Restaurant information
- Established: 2003 (23 years ago)
- Owner: René Redzepi
- Head chef: René Redzepi
- Food type: New Nordic
- Dress code: None
- Location: Refshalevej 96, Copenhagen, 1432, Denmark
- Coordinates: 55°40′58″N 12°36′38″E﻿ / ﻿55.682885°N 12.610499°E
- Website: noma.dk

= Noma (restaurant) =

Restaurant in Copenhagen, Denmark

Noma (Note: styled as noma) (/ˈnoʊ.mə/) is a restaurant and food innovation lab founded by chef René Redzepi and Claus Meyer in Copenhagen, Denmark. The name is a syllabic abbreviation of the two Danish words "nordisk" (Nordic) and "mad" (food). Opened in 2003, the restaurant is known for its focus on foraging, invention and interpretation of New Nordic Cuisine. In 2010, 2011, 2012, 2014, and 2021 it was ranked as the Best Restaurant in the World by Restaurant magazine.

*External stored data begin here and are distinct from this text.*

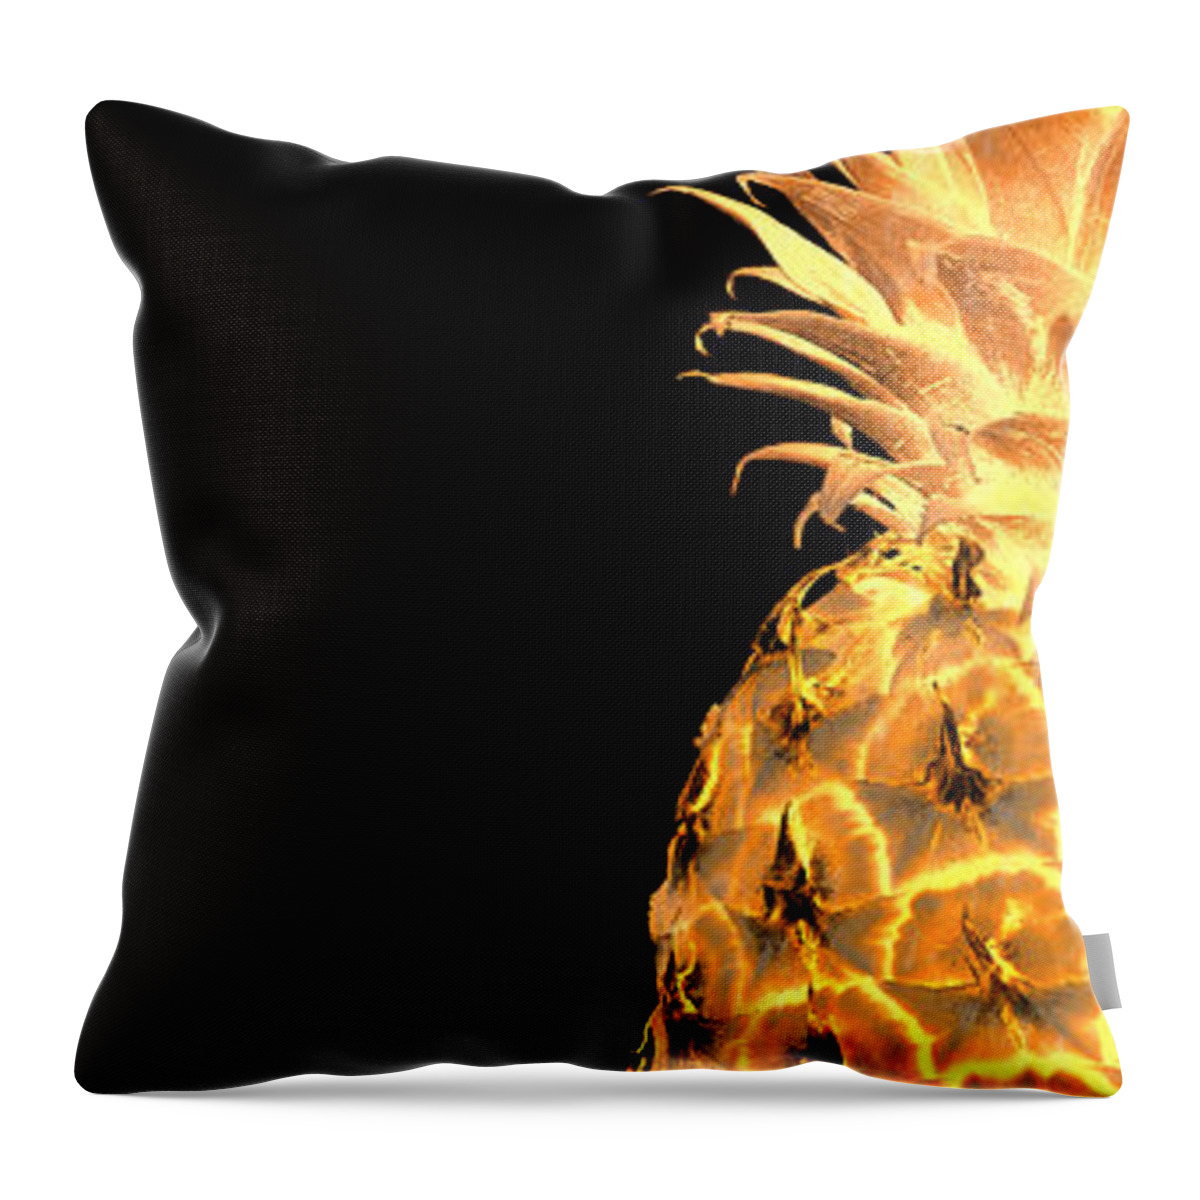 Abstract Throw Pillow featuring the photograph 14gl Abstract Expressive Pineapple Digital Art by Ricardos Creations
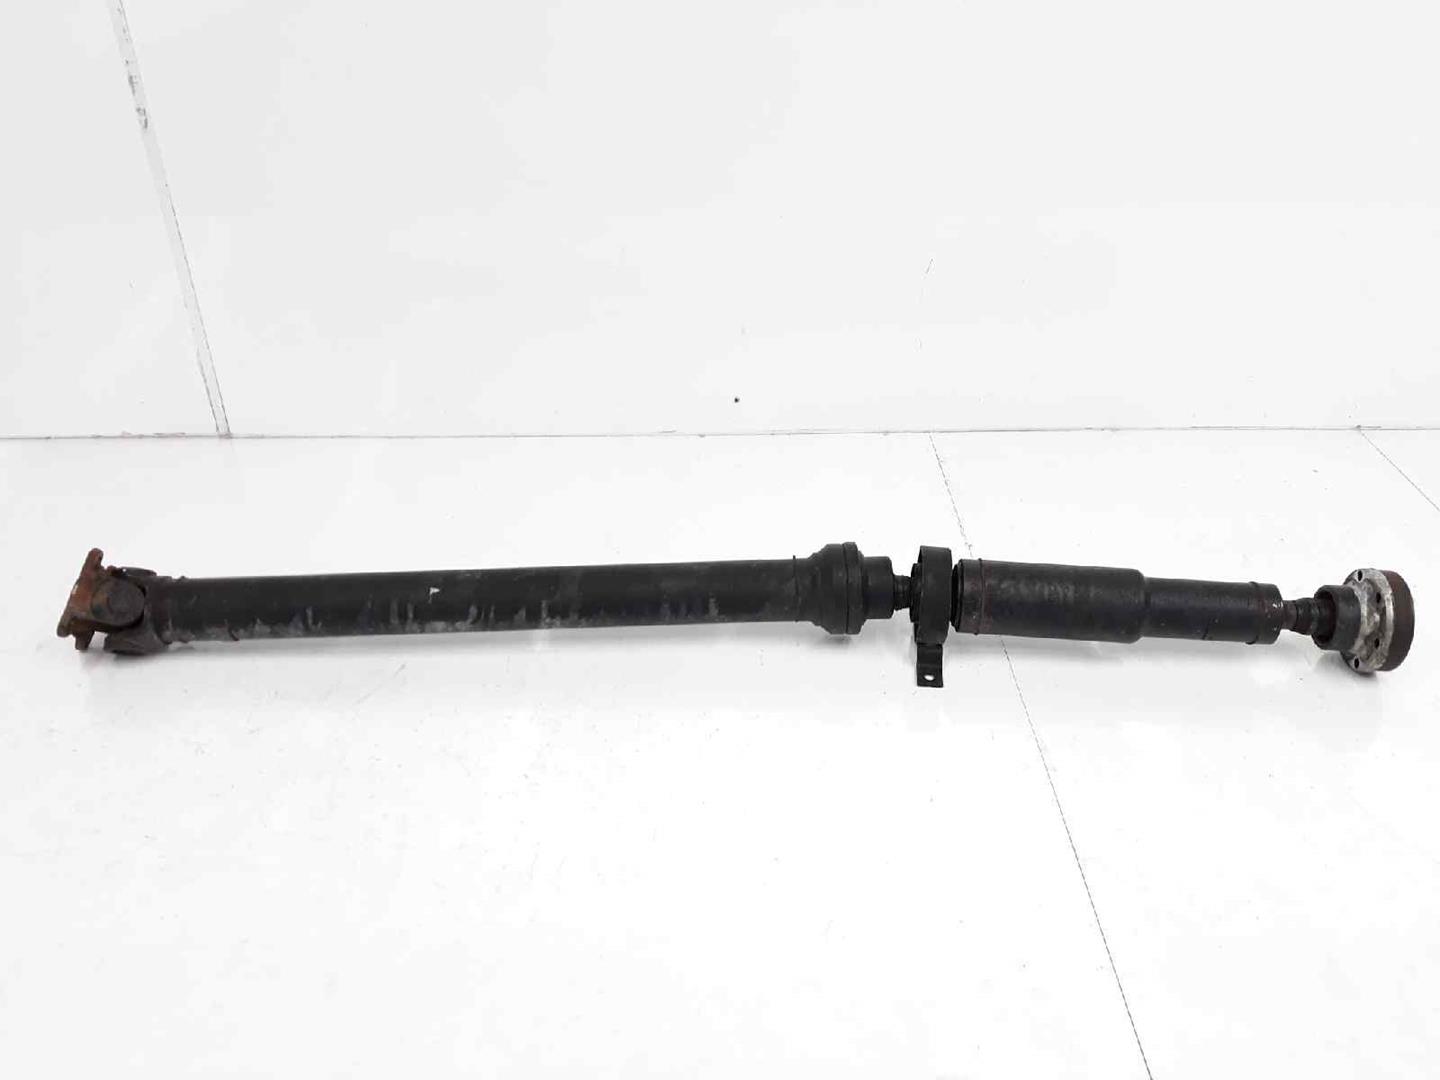 LAND ROVER Discovery 4 generation (2009-2016) Gearbox Short Propshaft 5H224365BA, TVB500360, LR037027 19677495
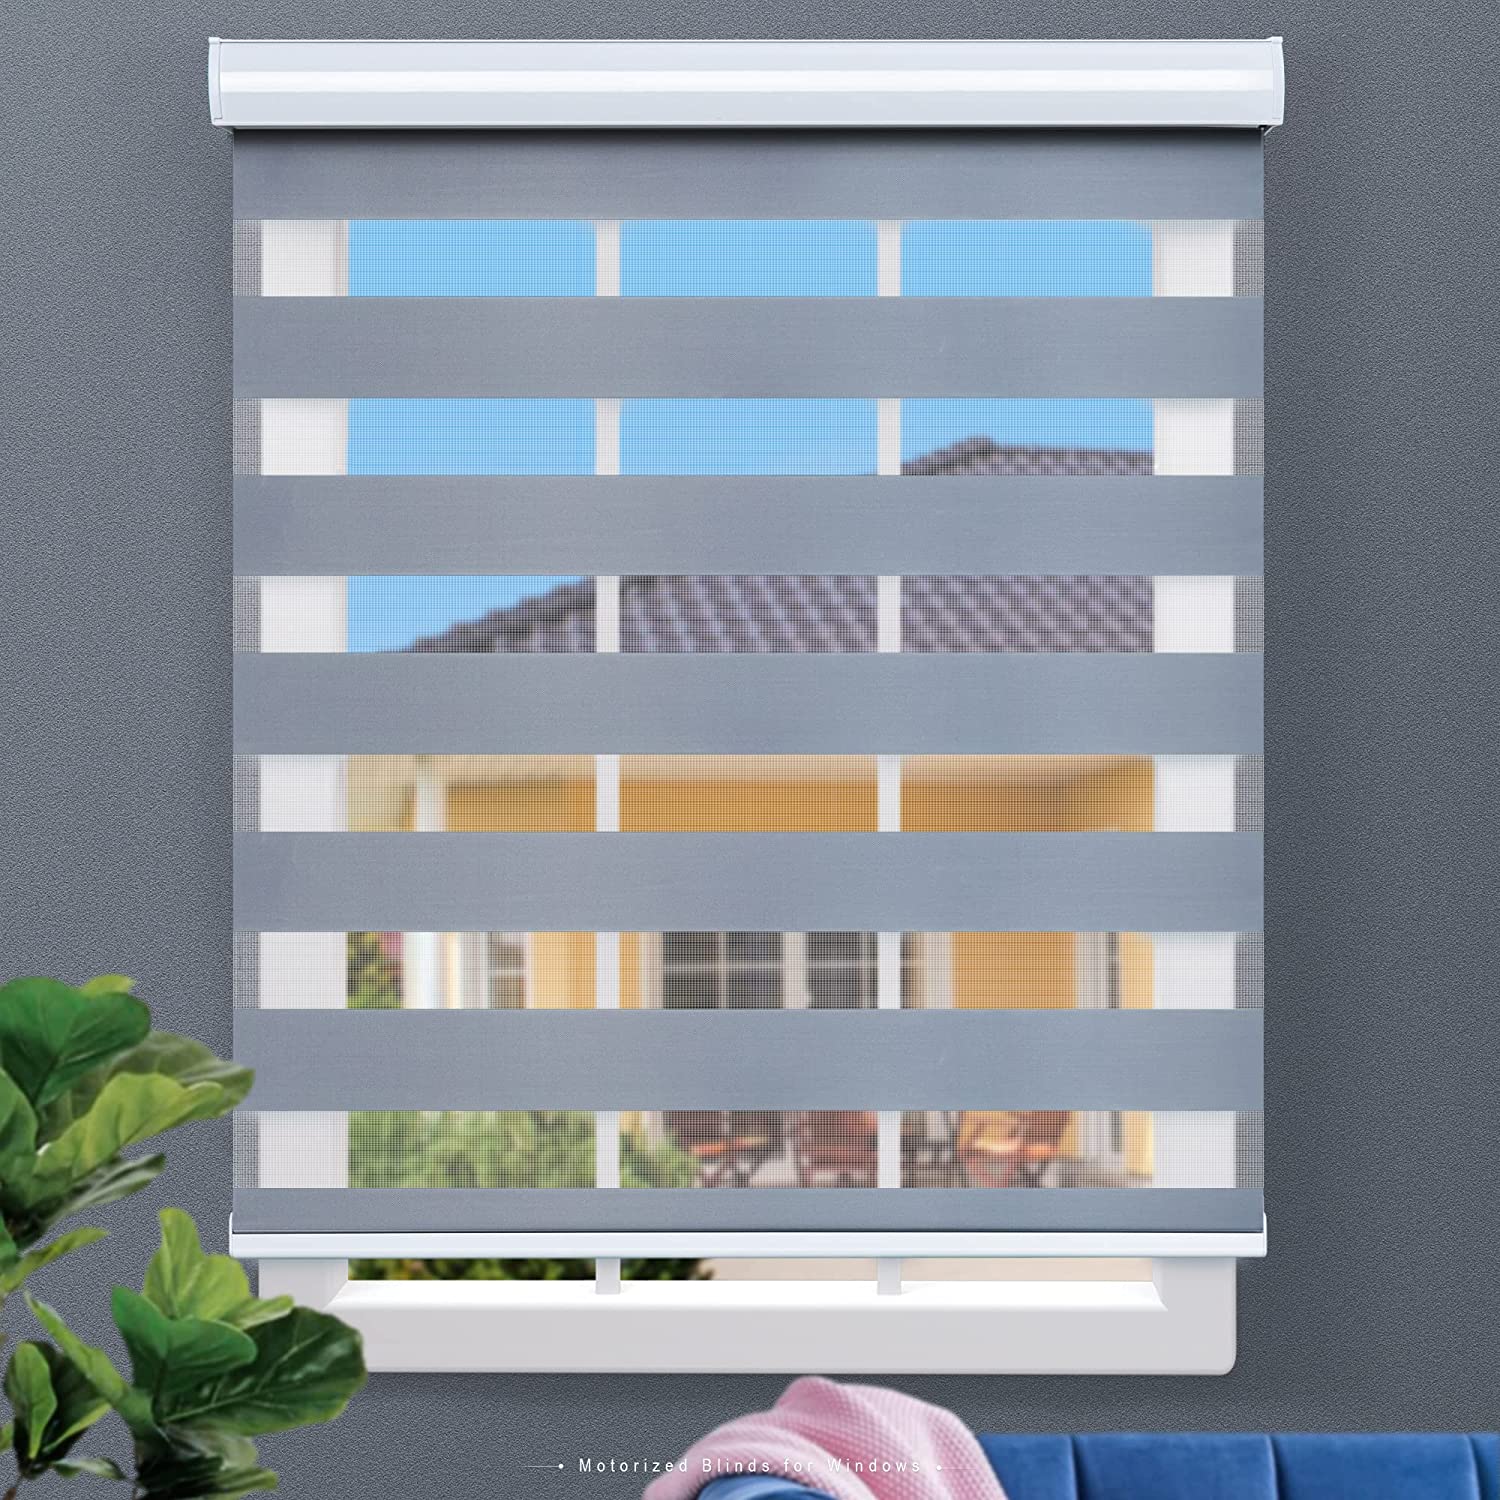 JaeJaes Motorized Zebra Blinds for Windows Shades, Smart Windows Blinds with Remote Control, Compatible with Alexa and Privacy Light Filtering, White, White, 30

In January 2023, Redzepi announced that Noma would transition away from traditional restaurant service, with its final regular dinner service taking place in Kyoto, Japan, in December 2024. Noma continues to operate as a food lab and through periodic pop-up residencies.

==History==
Noma's original location was at Strandgade 93, in an old warehouse on the waterfront of the Inner Harbour in the Christianshavn neighbourhood in central Copenhagen.

The building is situated by the Greenlandic Trading Square, which for 200 years was a centre for trade to and from the Faroe Islands, Finnmark, Iceland, and in particular, Greenland. Dry fish, salted herring, whale oil and skins are among the goods that were stored in and around the warehouse before being sold off to European markets.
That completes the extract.